As my readers may know, removing a bottleneck somewhere does not always solve the issue. Quite often, it only makes the next one visible. In my case, the biggest one to show itself after I was done was PhysFS was our asset loading system. Since PhysFS used to perform so poorly, there was little point trying to load some assets in parallel, especially back when our main renderer was DirectX 9.

Graphics API were historically also bad at threading. For example DirectX 9 isn’t thread safe by default, and the “thread-safe” flag just enables a big mutex, exactly like PhysFS does. The official documentation recommends to not use it and instead do all API call on one thread. It’s one of the reason a lot of games still use a dedicated “rendering” thread to this date. While there are pros to this approach, the big drawback is that any model or texture loading as to be done in a serial fashion, which is quite sub optimal.

Fortunately more recent graphics API such as DirectX 11/12 and Vulkan are perfectly capable of loading textures, vertex buffers and the like in a threaded fashion. With the unexpected help of my great technical director, we were able to load most 3D models in parallel if the renderer supports it. This lead to another drastic improvement of loading times, as 8 cores can process vertices much faster than one.

One observation I’d like to highlight is that those upgrade requirements stack up. For example without those changes to PhysFS there would be little reason for us to port our older games to a newer version of DirectX unless was had plans to use the new graphics capabilities offered by the API. But with the file access contention issue solved, switching to a rendering API that supports threaded loading becomes much more interesting. Sometimes technical upgrades and refactoring are more valuable for the opportunities they open that for the immediate gains.

Tooling

Before concluding this article, I want to stress out the importance of using a profiler to find bottlenecks. In my case this round of optimizations was strongly guided by Intel vTune.

The timeline visualization of cores activity in particular was quite handy to figure out when the CPU could be more effectively utilized. I found it useful to both verify assumptions but also to get a sense of some bits of the codeline that I wasn’t familiar with.

Profile of game startup before changes

For example, it made me realize that all the game music in some of our titles was loaded upfront while the only one we really cared about during startup was the main theme. A moderate refactoring of the music player implementation allowed me to load only that particular track, and start a low priority background thread to load the rest for later once the player actually starts interacting with the ingame music player.

Knowing how your user will interact with your application is key when deciding when to do computation in the background, as it makes it easy to pick a time frame that is usually low on CPU utilization and won’t hurt performance of the main activity.

In Conclusion

First, see for yourself the difference on a side by side comparison I recorded on my home computer booting Stellaris (i7 2600k, 16GB of RAM, game installed on SSD drive):

Now, I do not consider myself new to threading and related topics, yet I still did not believe at first that I would be able to achieve such a drastic improvement. By the end of the iteration we had at least one game starting up more than twice as fast as it used to do on my machine (from over a minute to a few tens of seconds).

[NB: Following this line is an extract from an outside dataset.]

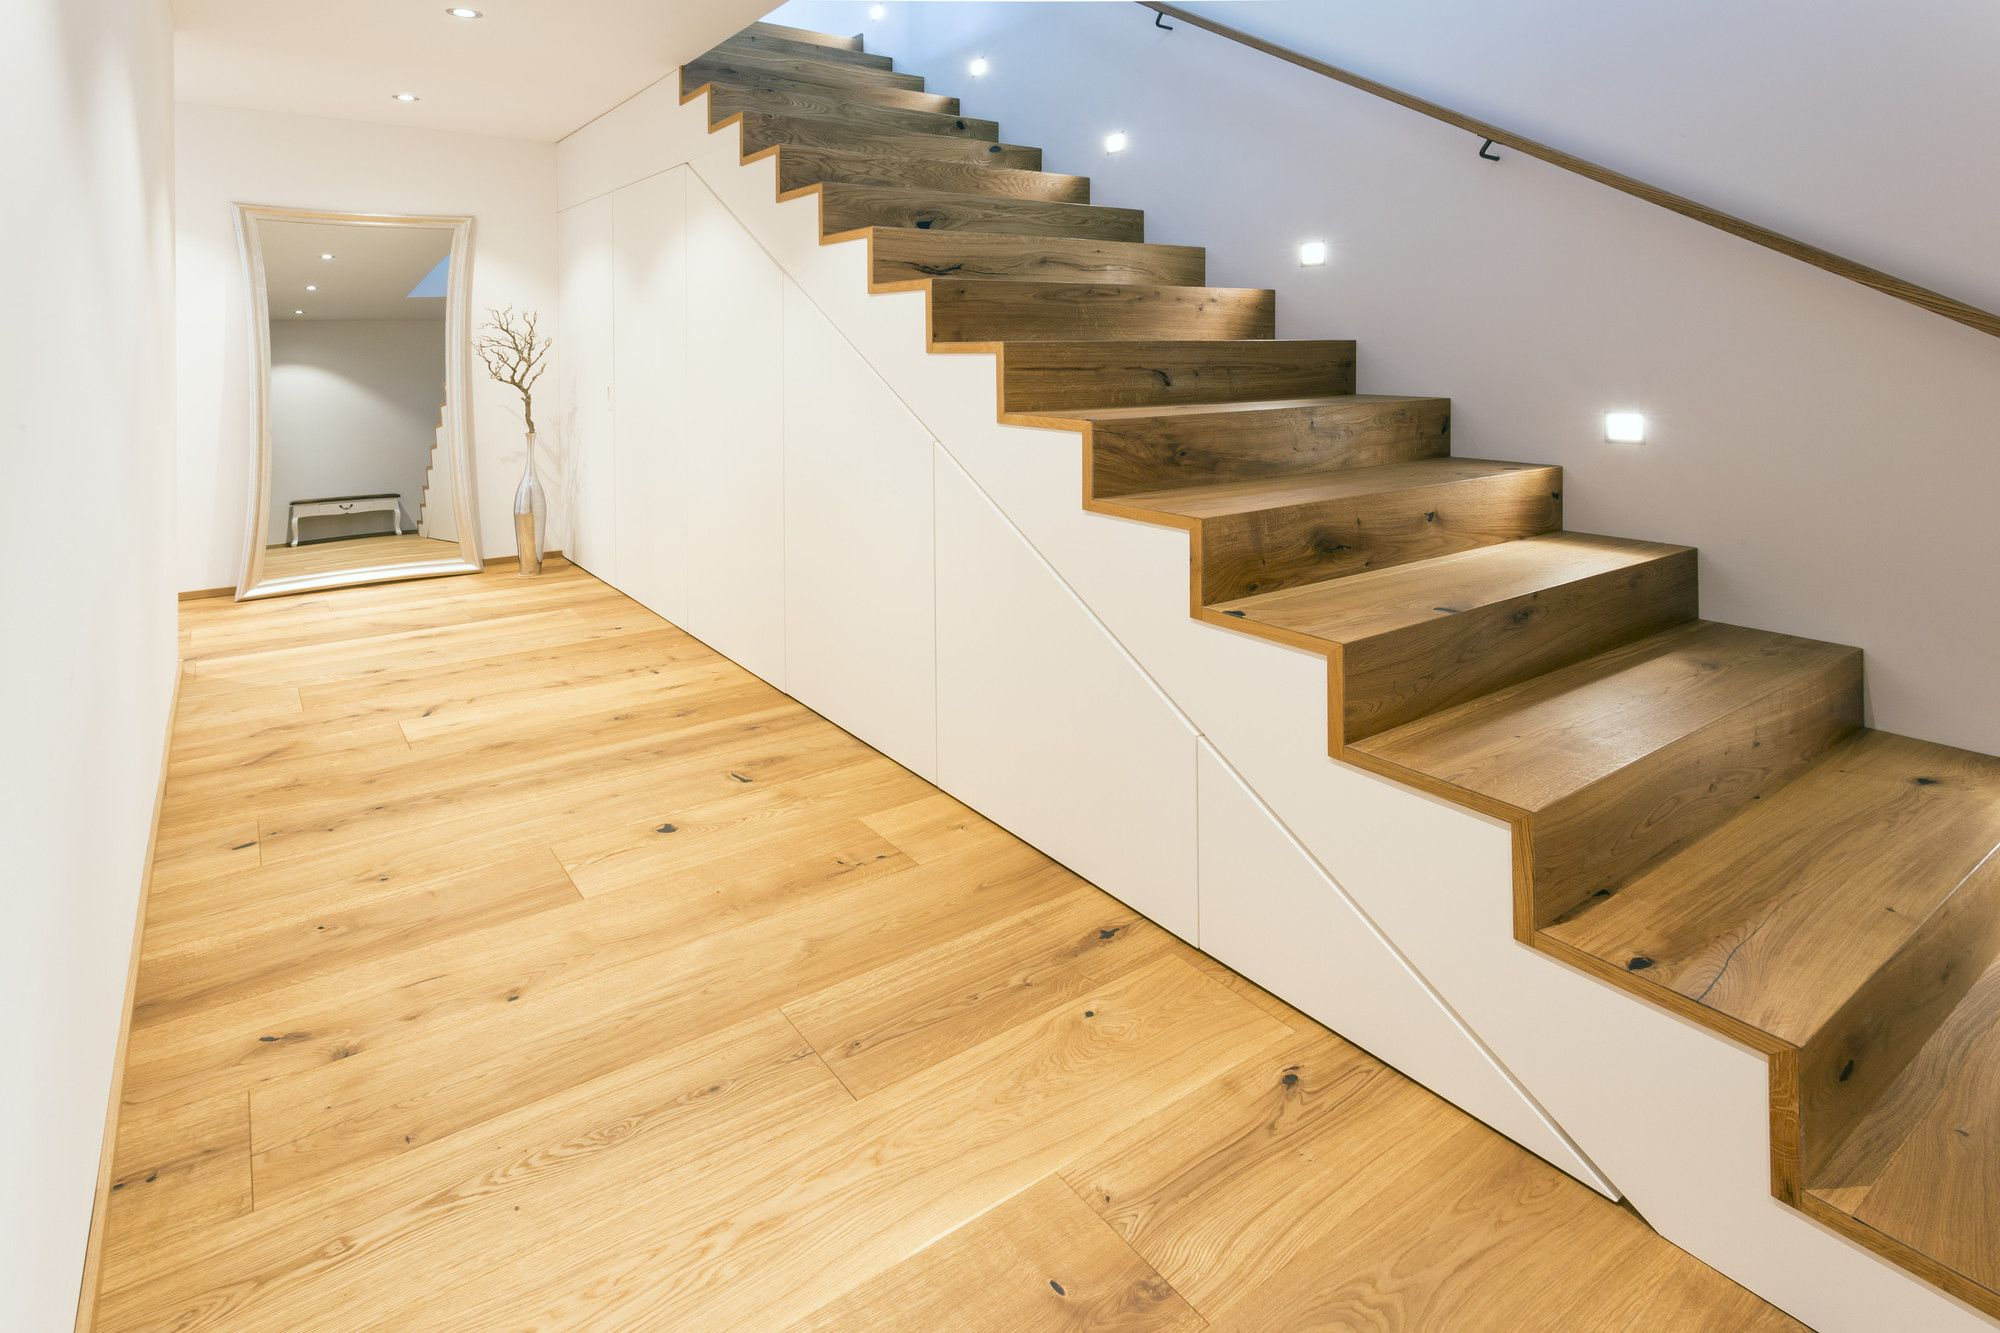 Einbauschranke Nach Mass Einbauschrank Einbauschrank Treppe Und

Looking back at my engineering school days in the 2000s and the years of work that followed, I now wonder how many opportunities were missed, both in teaching and applying those teachings. We keep saying over and over that modern CPUs are fast and can crunch an insane amount of instructions per second, but the true challenge is to make effective use of it. It is one thing to see the impact of threading or cache friendliness on slideware, but it’s another to apply it to a codebase that has existed for years or decades.

So, as many before me have recommended, please run your code through a profiling tool and see how good your CPU utilization is. It may come at the price of a costly refactoring, but the potential of getting twice or even ten times as fast is there…

… the only drawback is that now your composer needs to make the intro part of your game’s theme song much shorter.